Speaker
Description
Background: Understanding the determinants of SARS-CoV-2 transmission is pivotal to inform control efforts. As transmission events aren’t observed, this remains challenging. Pathogen sequences can provide insights into the proximity of infections within a transmission chain. Phylogeographic approaches have helped characterize epidemic spread. However, they can produce biased results when sampling is uneven, don’t scale past a few hundred or thousand sequences. We thus critically need new tools to characterize fine-scale transmission dynamics from large genome datasets.
Methods: We analyze 116,788 SARS-CoV-2 sequences from Washington state (WA) genomic sentinel surveillance sampled from patients with known age and geographical unit of home location between March 2021 and December 2022 to unravel the spatial and social determinants of spread in WA. We develop a modelling framework describing the relative risk of pairs of identical sequences of falling in specific subgroups of the population (age groups, county of residence).

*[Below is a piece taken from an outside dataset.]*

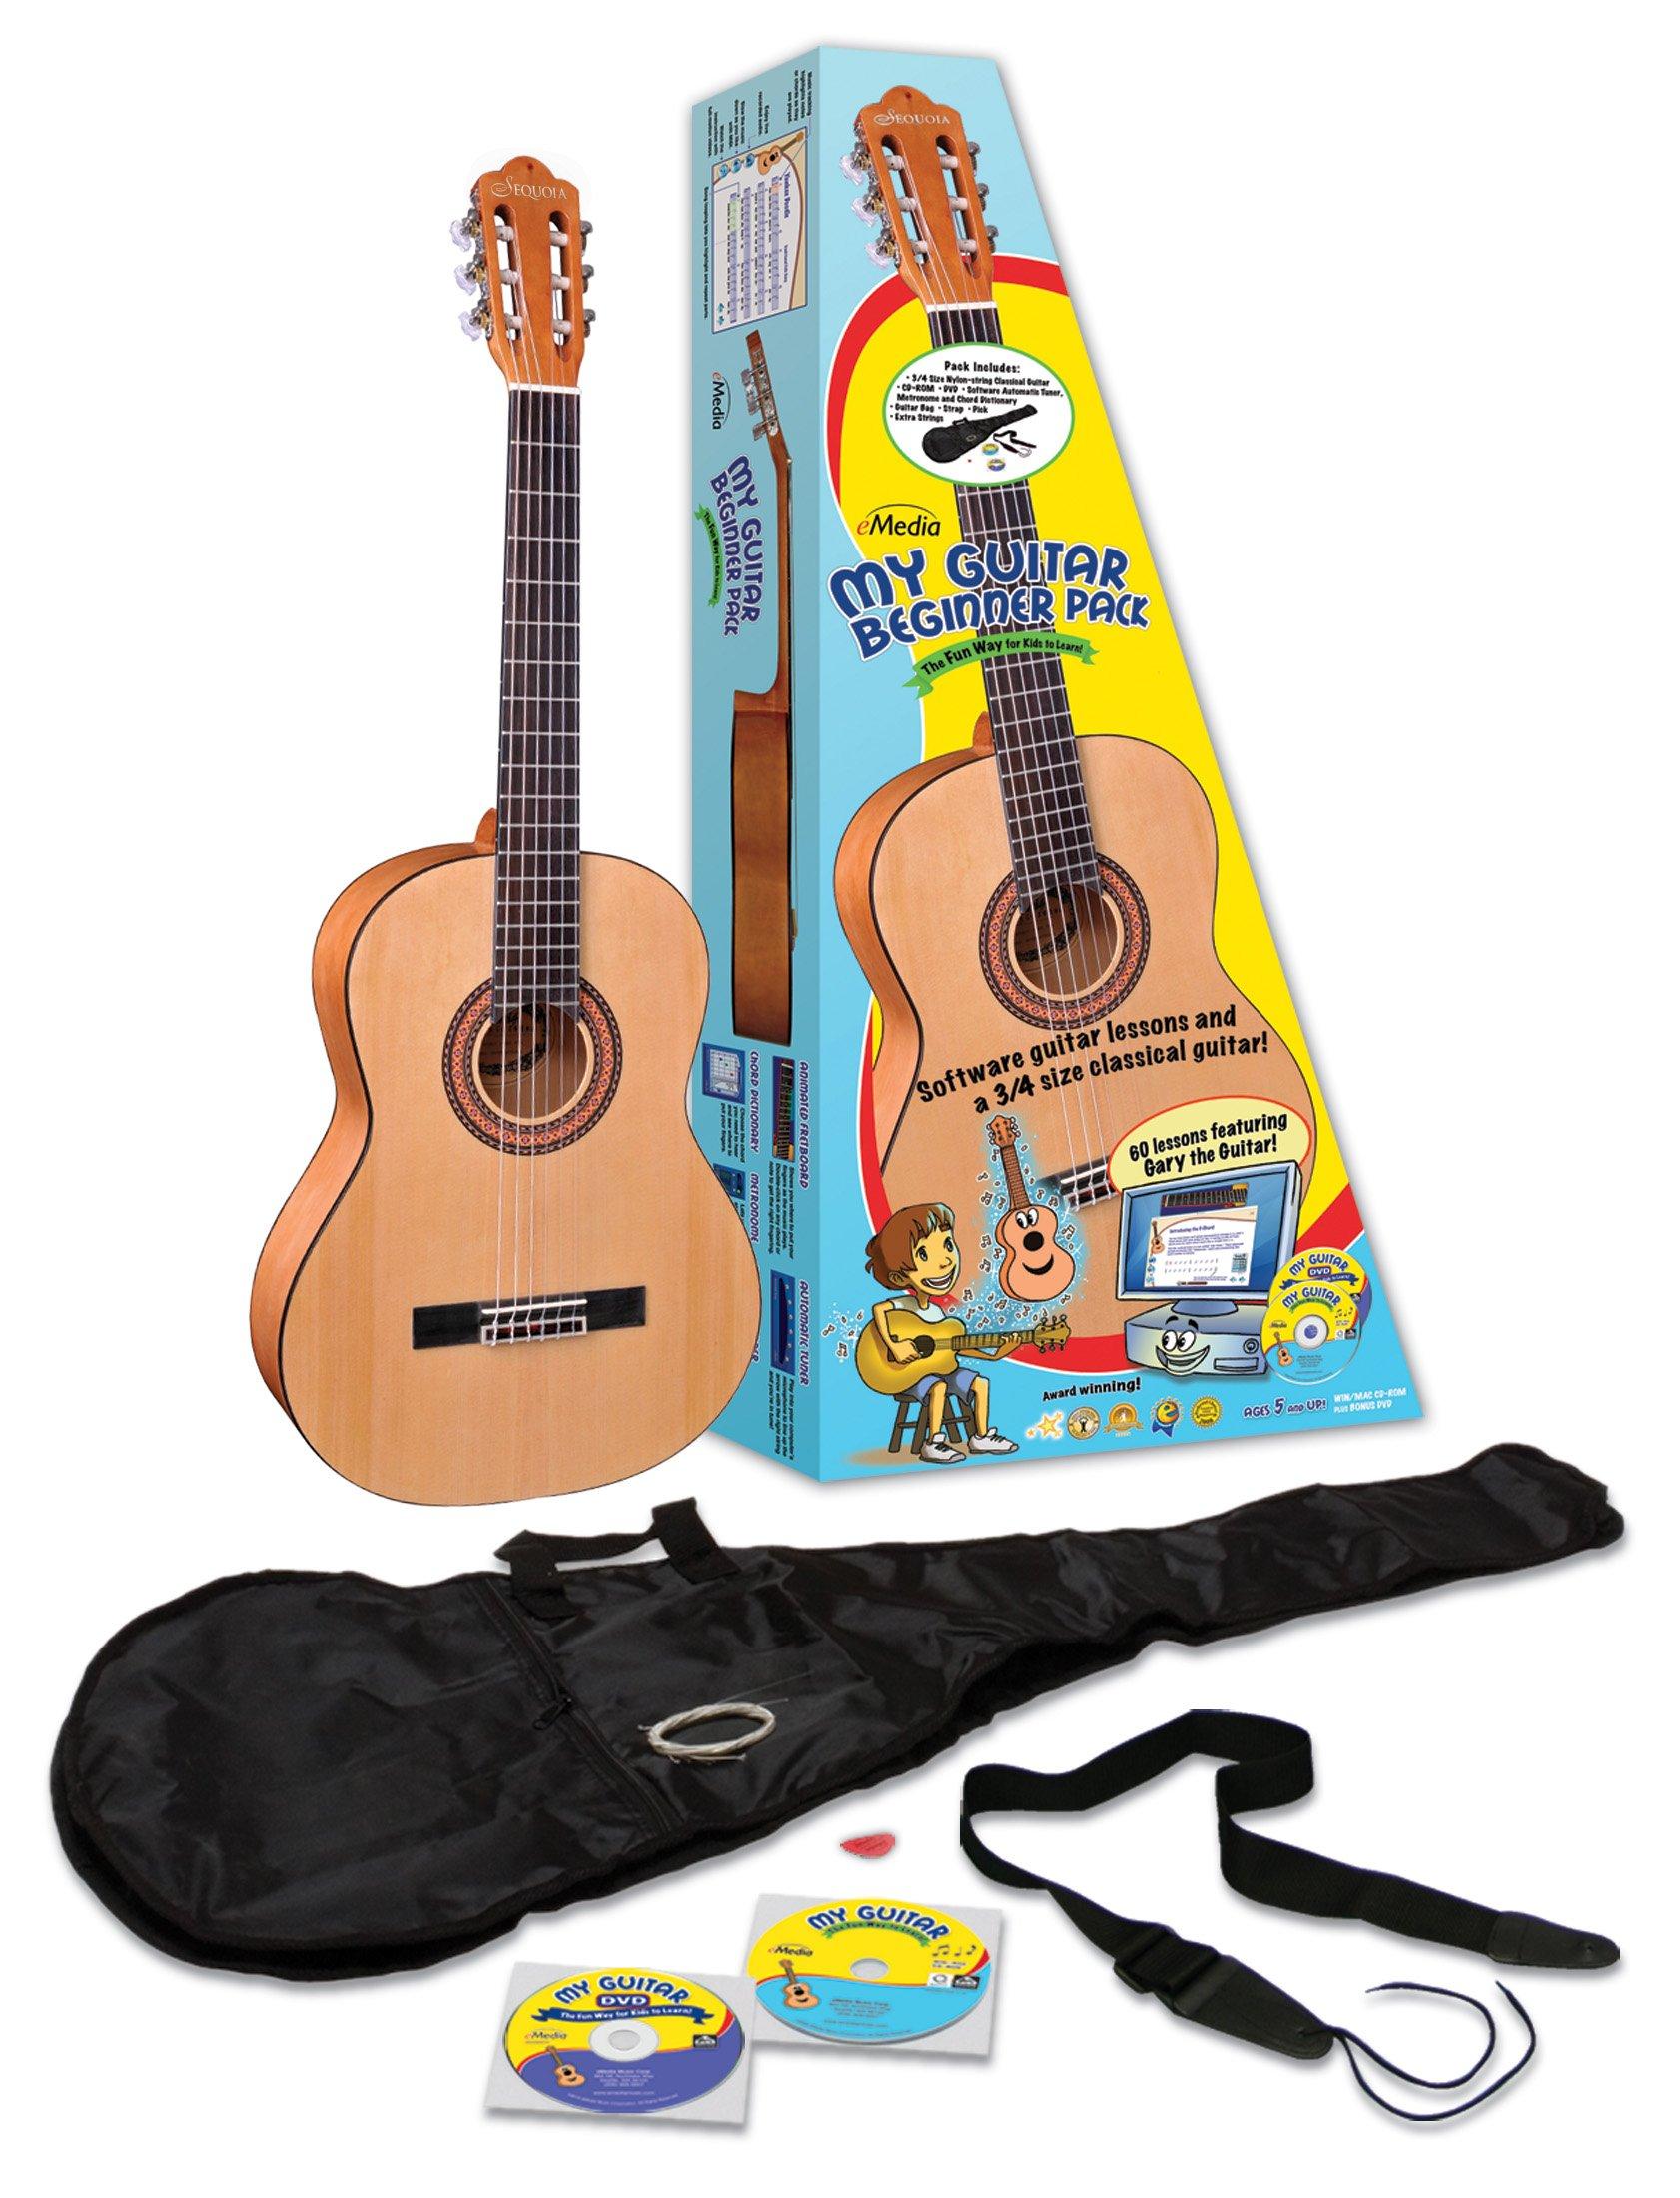 eMedia My Guitar Beginner Pack for Kids - 3/4-size, nylon-string, acoustic guitar (34'') plus guitar lessons made for kids

Results: We find that identical sequences have a higher risk of being observed in the same county than expected from the spatial distribution of sequences. This signal decays as genetic distance increases. We find a strong signal for local spread with identical sequences more likely to be observed in geographically close counties. We find that cellphone mobility predicts the location of pairs of identical sequences (70% of variance explained). Outliers in the relationship between mobility and genetic data can be explained by large clusters of identical sequences observed in zipcodes with penitentiary facilities. We find that the risk of observing identical sequences in two age groups is explained by that of contacts between these groups (89% of variance explained).
Implications: We develop a novel tree-free framework to characterize pathogen spread from large-scale sequence datasets. This provides valuable new tools to characterize epidemic dynamics from sequencing data.